# Artificial Flowers



## sapphire20

What do you ladies think of Artificial Bouquets?

Both my sisters had them and they were gorgeous and im thinking of doing the same, they are so much cheaper and last forever!


----------



## kitty1987

All of our flowers are artificial as I sometimes get very bad hayfever lol. They look really pretty :)


----------



## vickie83

All mine are artificial too as we're getting married 100 miles from home, it was just easier to take them with us rather than try and find a florist over there. The cost is a bonus and they look really nice too! :thumbup:


----------



## Kimboowee

Im more than likely getting artificial ones - It's mainly because of the budget but they look real anyway


----------



## mummy to be

We are having artificial flowers and i think it was the best decision i made.. i am having frangipanies and we are getting married in summer.... frangipanies and summer equals flowers not lasting long!!! So i got fake ones and they look GREAT!!! 
I love love love them, cheaper and i can keep them :) 

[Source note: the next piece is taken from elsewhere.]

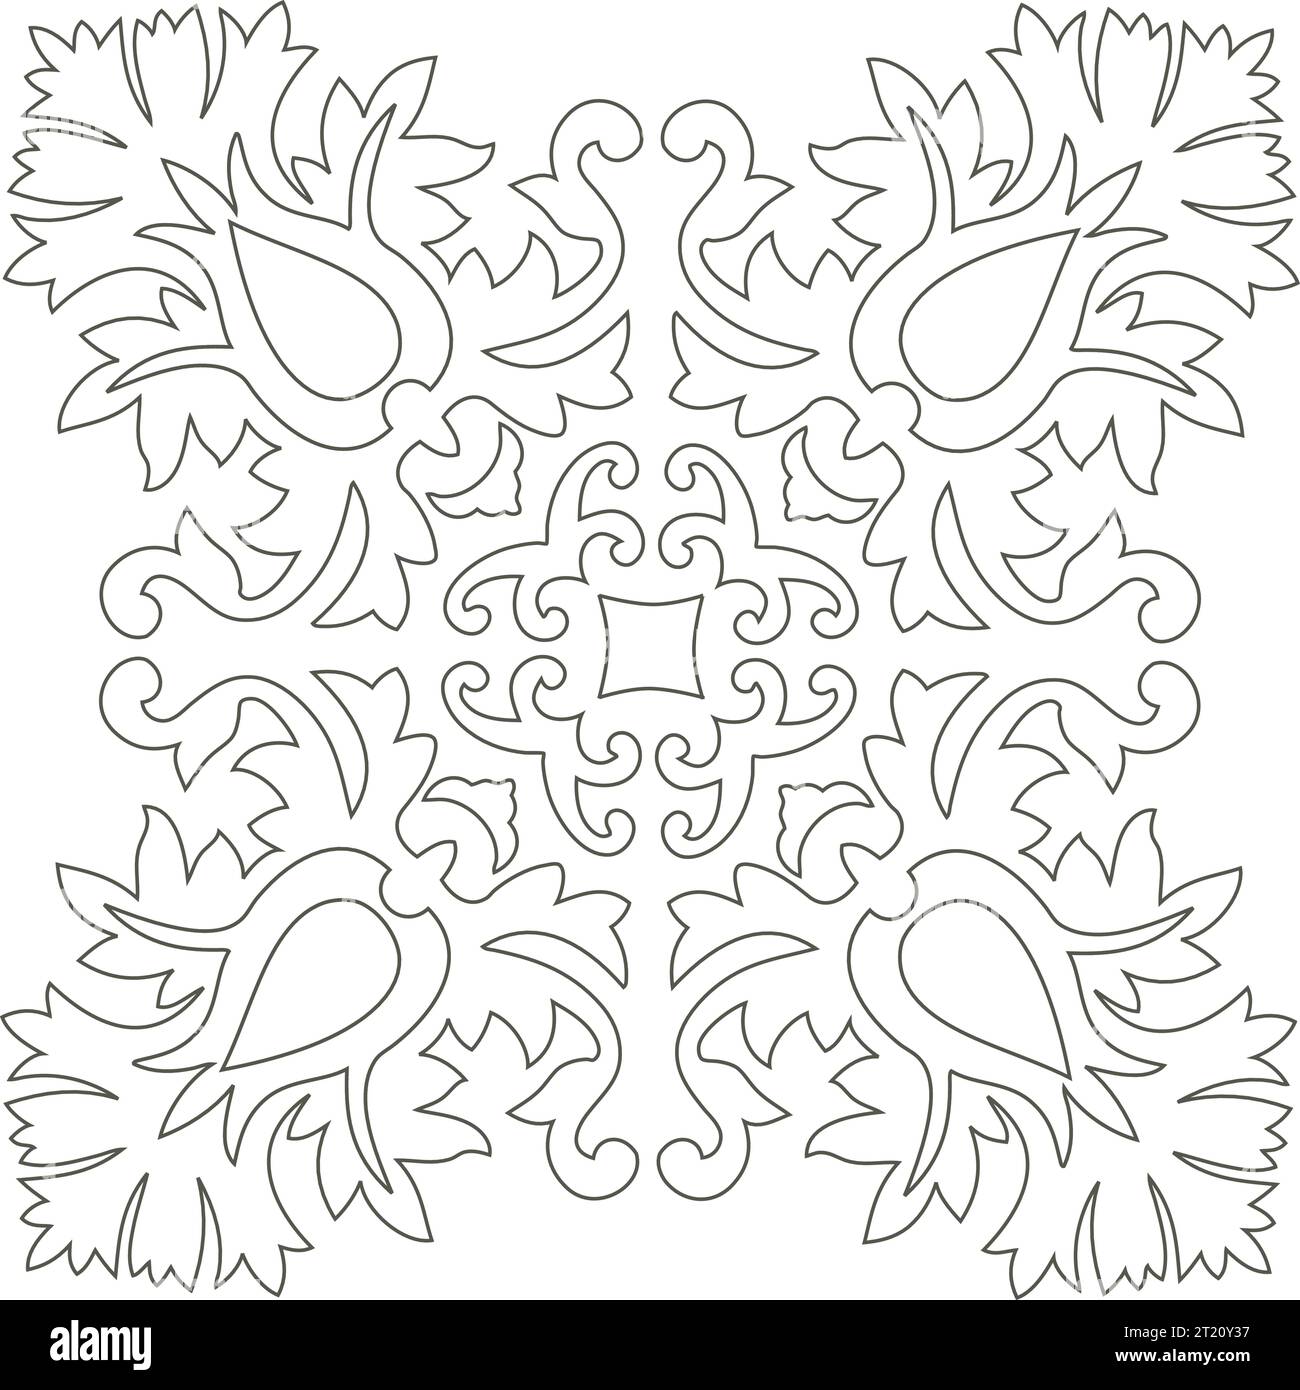 Single Mandala Schwarz und weiß - Blume Natur, Laub, Blätter, Energie Rad Kreis Komplex Symbol abstrakte Dekoration Färbung Seite Stock Vektor
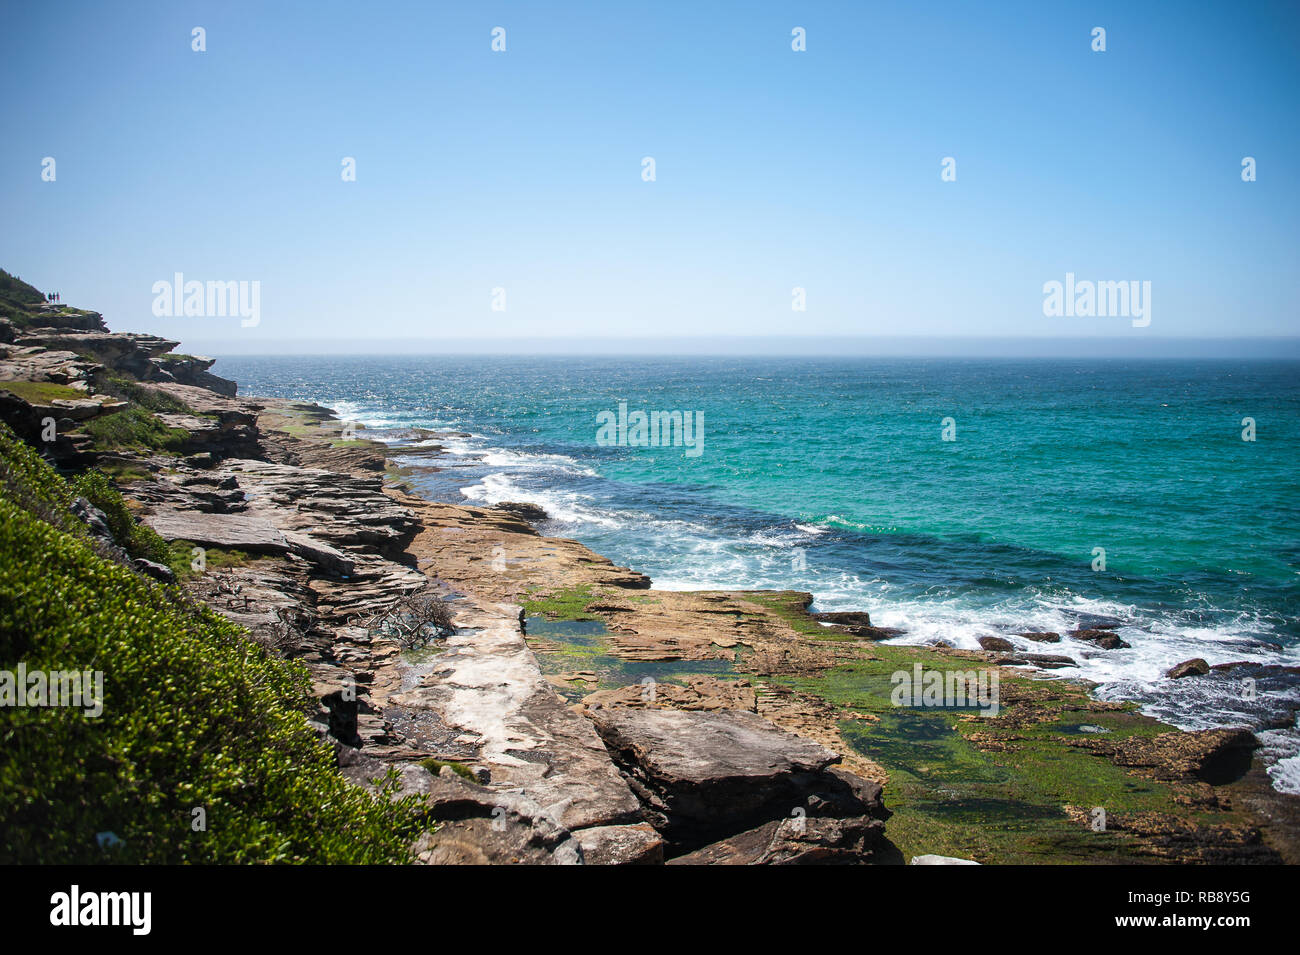 Scène côtière, Sydney, Nouvelle-Galles du Sud, Australie. Clourful rock formations causés par l'érosion du vent et de la mer. Banque D'Images

1st pic - all of the flowers including button holes (for mums and dads and the groomsmen and of course Allan (OH) ) 2x bridesmaid bouquets and my bouquet also a throwing bouquet as well :) Got them all for $300 Australian Dollars.... Which is about 170 pounds.. i think??? What you think about them?
 



Attached Files:







wedding 001.jpg
File size: 42.2 KB
Views: 15









wedding 003.jpg
File size: 29 KB
Views: 14









wedding 009.jpg
File size: 34.7 KB
Views: 17


----------



## QueenMummyToBe

I have artificial flowers too..

My bridesmaids are having fuchsia and white flowers and here is my bouquet.. 

https://i129.photobucket.com/albums/p209/qu33nashl3igh/SDC11834-Copy.jpg

xXx


----------



## pinkmummy

We're having artificial ones and cost us £60 for 4 bridesmaids, mine and about 6 buttonholes :thumbup: Will get a pic when OH Aunty has done them x


----------



## toffee87

We're getting them, they are so over priced for real ones!!!


----------



## WhisperOfHope

i had artifiaial flowers you couldnt tell the dif and can keep them:thumbup:


----------



## toffee87

Did anyone get theirs online?


----------



## lauren-kate

I'm watching this thread.. not decided what to go for yet - real or artificial. Does anyone have links to where you can get artificial ones from?


----------



## pinkmummy

If you have someone who can arrange them (or do it yourself) go to dunelm mill and hobbycraft and buy them from there :thumbup: xx


----------



## toffee87

This site has package deals from £100! https://www.silkweddingdesigns.com


----------



## sapphire20

I havent really looked into it yet but sarahs flowers online where my sisters got theirs and they were stunning!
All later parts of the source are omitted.